Stored data:
BEGIN
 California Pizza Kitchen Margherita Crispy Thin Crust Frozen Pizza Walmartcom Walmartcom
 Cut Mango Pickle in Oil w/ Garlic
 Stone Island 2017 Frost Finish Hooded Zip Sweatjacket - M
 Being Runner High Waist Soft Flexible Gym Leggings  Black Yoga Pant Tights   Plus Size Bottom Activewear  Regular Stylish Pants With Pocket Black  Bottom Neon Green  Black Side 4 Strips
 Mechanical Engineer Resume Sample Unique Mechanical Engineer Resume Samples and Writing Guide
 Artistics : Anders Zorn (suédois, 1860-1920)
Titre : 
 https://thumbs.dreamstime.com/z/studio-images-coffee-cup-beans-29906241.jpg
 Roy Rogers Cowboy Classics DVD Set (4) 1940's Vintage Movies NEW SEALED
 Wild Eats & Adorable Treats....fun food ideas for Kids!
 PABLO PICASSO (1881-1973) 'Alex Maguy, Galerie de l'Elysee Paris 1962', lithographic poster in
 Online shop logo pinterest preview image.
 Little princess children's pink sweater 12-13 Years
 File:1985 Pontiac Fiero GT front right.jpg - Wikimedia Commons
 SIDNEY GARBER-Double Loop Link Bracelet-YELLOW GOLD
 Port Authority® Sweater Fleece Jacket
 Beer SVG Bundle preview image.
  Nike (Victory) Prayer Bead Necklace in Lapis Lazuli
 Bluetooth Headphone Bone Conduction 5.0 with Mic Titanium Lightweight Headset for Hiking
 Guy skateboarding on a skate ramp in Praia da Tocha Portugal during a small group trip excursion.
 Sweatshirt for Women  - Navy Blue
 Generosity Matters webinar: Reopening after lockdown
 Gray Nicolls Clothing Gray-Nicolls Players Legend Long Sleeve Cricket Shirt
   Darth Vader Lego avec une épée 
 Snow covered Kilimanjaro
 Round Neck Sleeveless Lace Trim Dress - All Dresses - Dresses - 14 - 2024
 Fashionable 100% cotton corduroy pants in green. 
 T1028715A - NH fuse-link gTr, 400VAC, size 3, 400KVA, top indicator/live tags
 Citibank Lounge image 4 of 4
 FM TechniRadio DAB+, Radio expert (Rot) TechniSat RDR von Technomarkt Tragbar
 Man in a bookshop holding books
END
- _Required action_
Determine how many lines of the data above contain the string "preview", and answer with the number only.

- _Reply to the task_
2